Ligand

A ligand (Latin ligare = bind ) referred to in coordination chemistry ( organometallic chemistry, organometallic and Bioinorganic Chemistry ) an atom or molecule which is coordinated by a dative bond ( coordinate bond ) to a central metal ion. The coordinative bond comes about through the Lewis character of the binding partners involved: ligands are Lewis bases ( electron pair donors) and metal ions are Lewis acids ( electron pair acceptors ).

The specificity of the complex compound, and the difference for the covalent binding is that when the coordinate bond both the bonding electrons are provided by the ligand: a ligand must therefore have at least one lone pair of electrons include ( Lewis base ). Complex compounds are, for example, red prussiate of potash ( Kaliumhexacyanidoferrat (III) ), wherein the central iron ion of six ligands in this case is cyanide ions, surrounded.
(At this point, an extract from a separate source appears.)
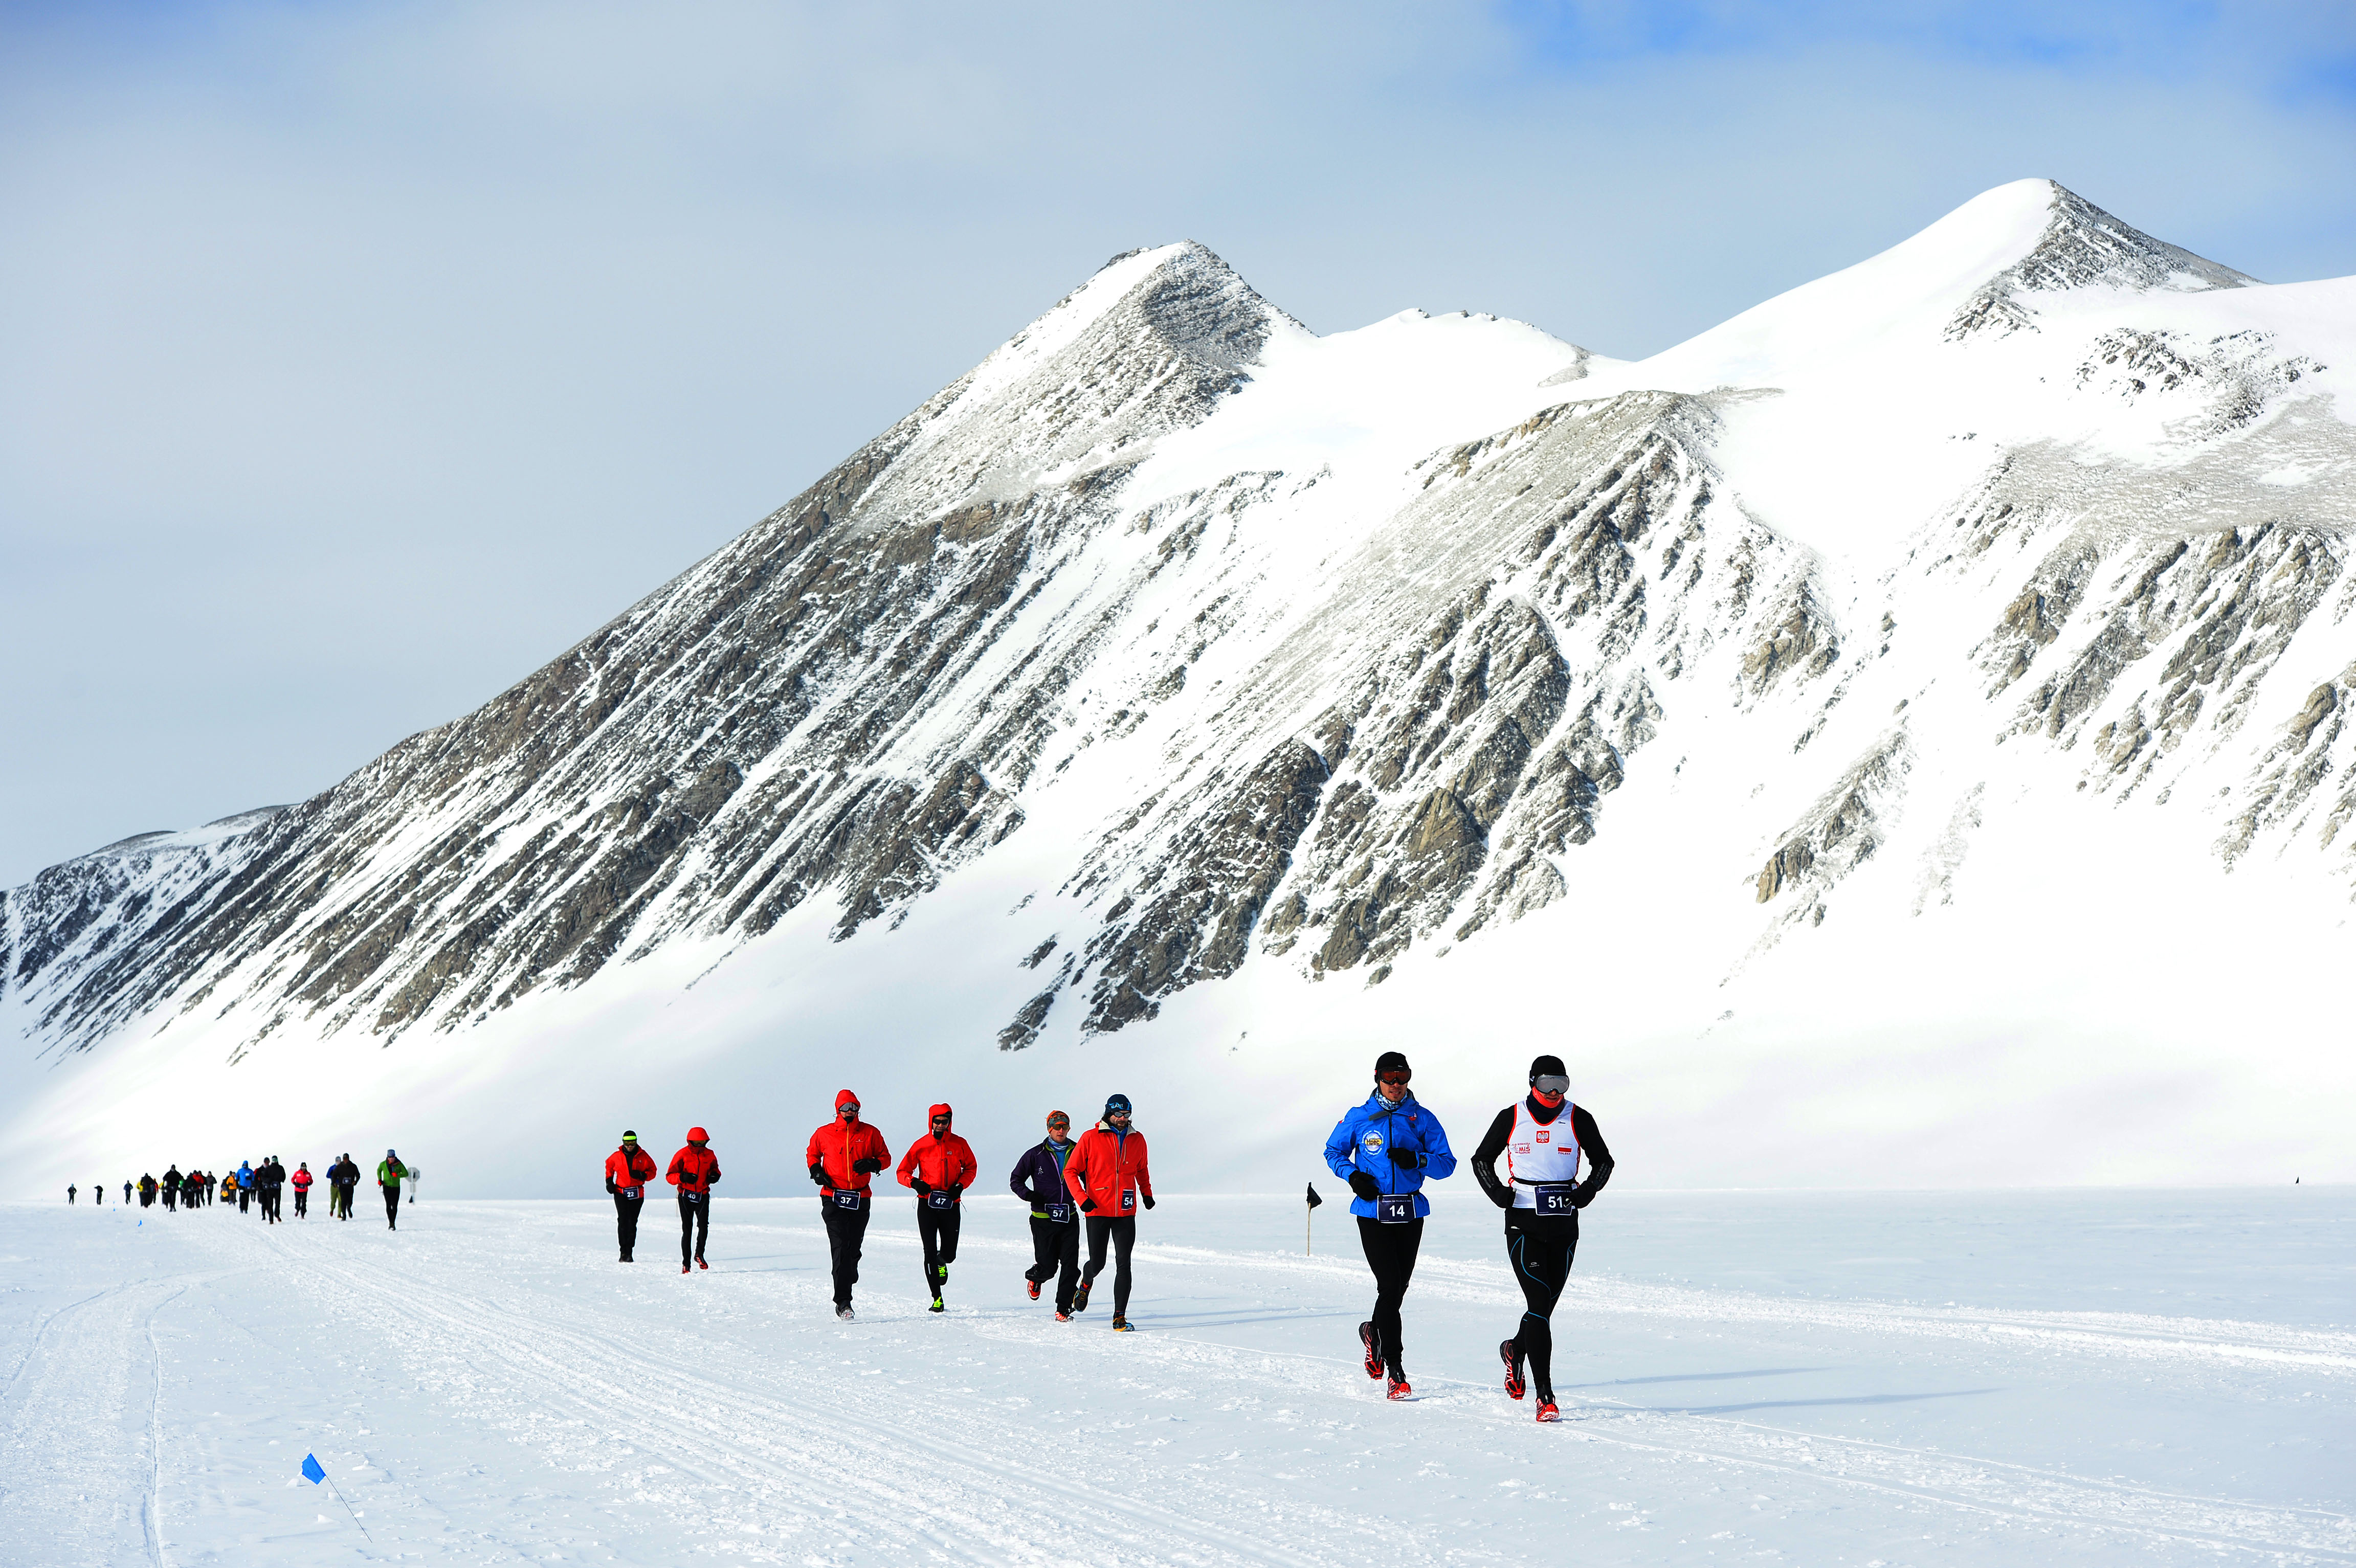 antarctic 100k ultra race

Examples of Bioinorganic are the heme and chlorophyll: here act the four nitrogen atoms in the porphyrin skeleton as polydentate ligand for the central iron or magnesium ion.

The purely donative nature of ligand binding, however, is simplistic. Especially in heavy transition metal ions, the bonds are usually highly covalently ( see, e.g., hydrogen as a ligand). Also play back-bonding effects from the metal to ligand often a crucial role in binding strength ( binding energy ) ( see, eg, carbon monoxide as a ligand ).

Ligands are traditionally classified according to their charge: negatively charged ligands are used as X-type (abbreviated as halides ), while neutral bases are abbreviated as L- type ( eg phosphines ).

In the Organometallik and organometallic ligands have long been used to maintain active metal centers stable in solution and to prevent them from metallic colloids (or above: nanoparticles) to agglomerate. These soluble metal complexes can be optimized properties of the ligands to highly active catalysts ( = homogeneous catalysis ) by judicious choice of electronic and steric (steric hindrance).